• **DIRECTIONS FOR THIS TASK**: Each line of the listing, apart from the pictures, is to be printed exactly.
** SUPPLIED MATERIAL follows **
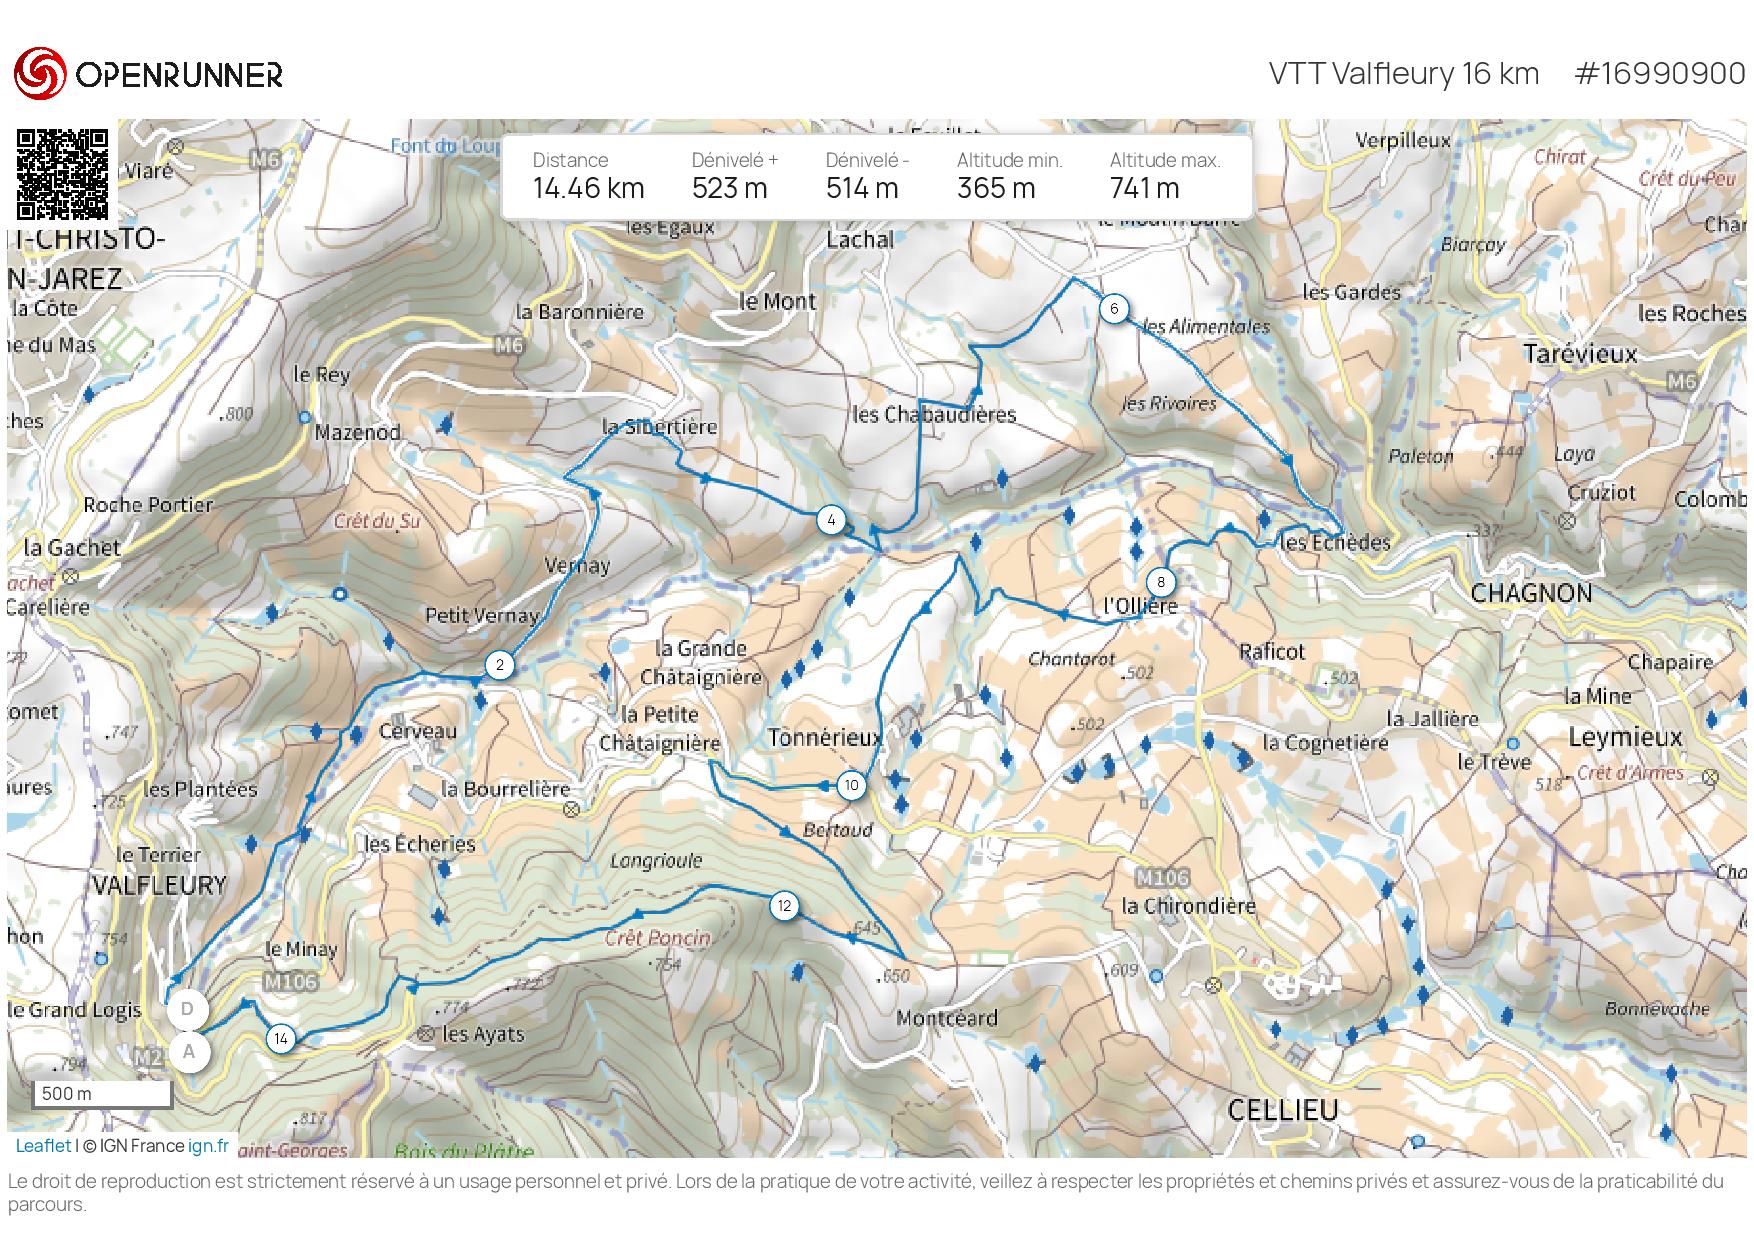 VTT Valfleury 16 km-page-001.jpg
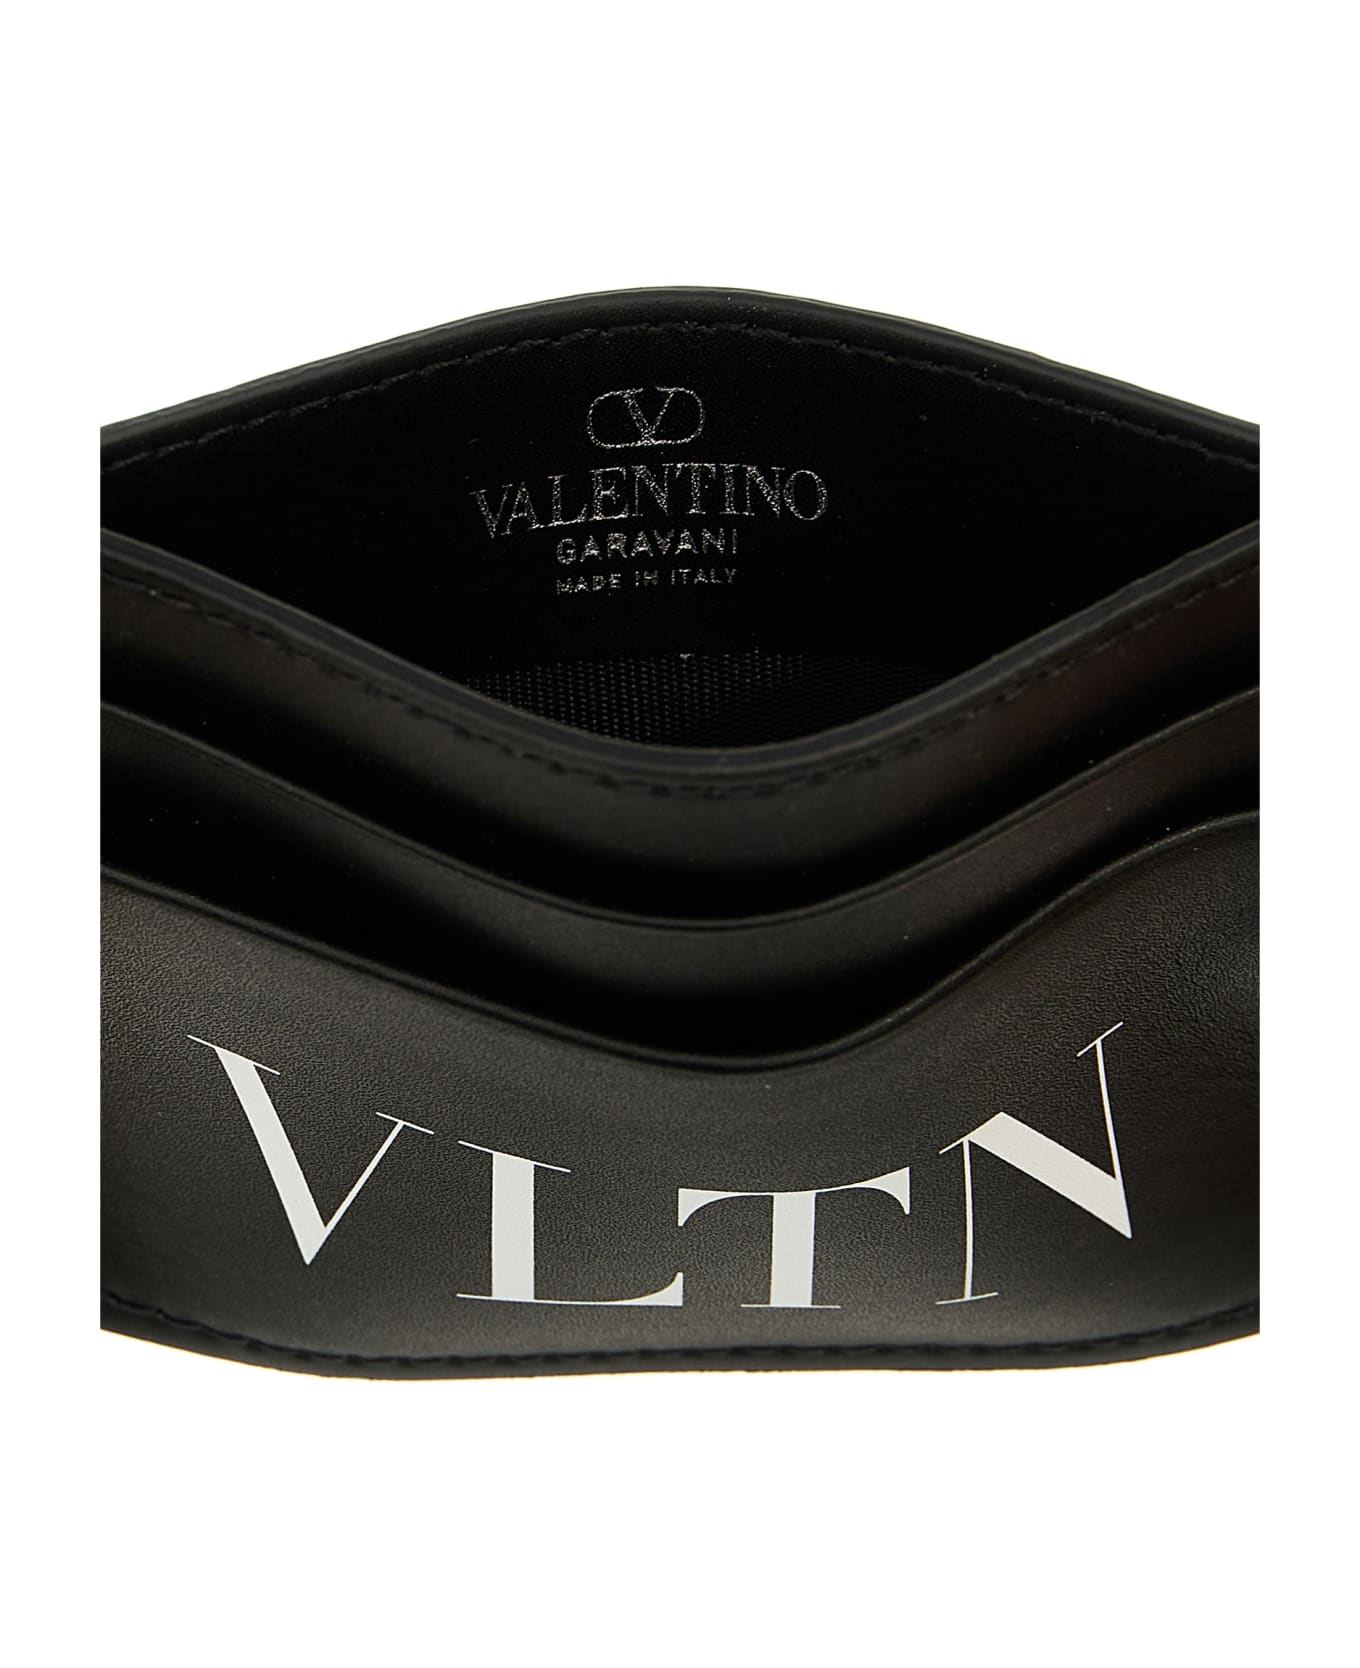 Valentino Garavani 'vltn' Cardholder - White/Black
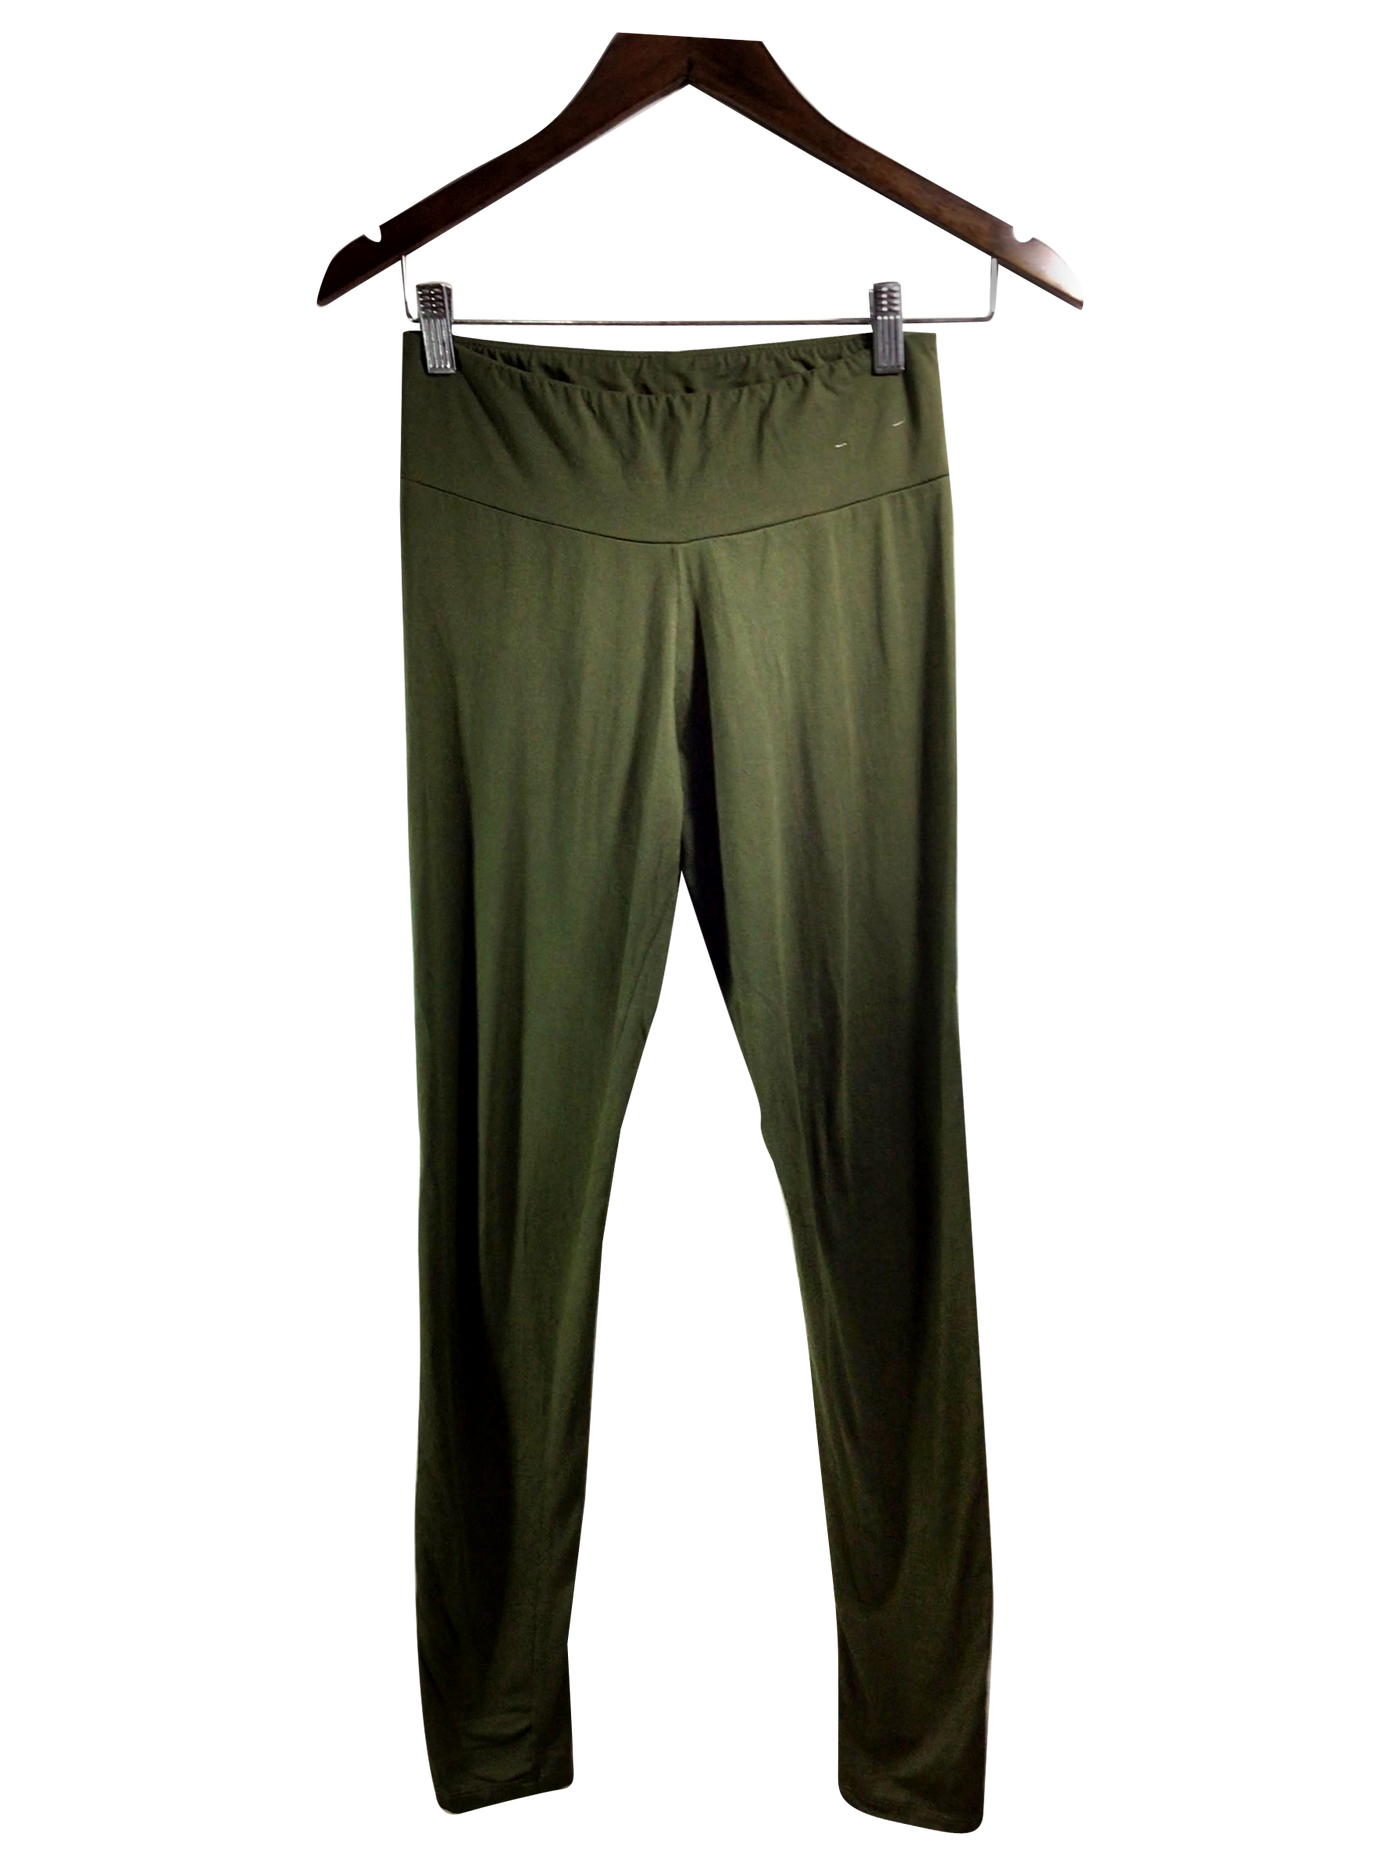 STREETWEAR SOCIETY Activewear Legging Regular fit in Green - Size M | 7.14 $ KOOP
** End of SUPPLIED MATERIAL **
• **RESULT OF THIS TASK**:
 VTT Valfleury 16 km-page-001.jpg
 Valentino Garavani 'vltn' Cardholder - White/Black
 STREETWEAR SOCIETY Activewear Legging Regular fit in Green - Size M | 7.14 $ KOOP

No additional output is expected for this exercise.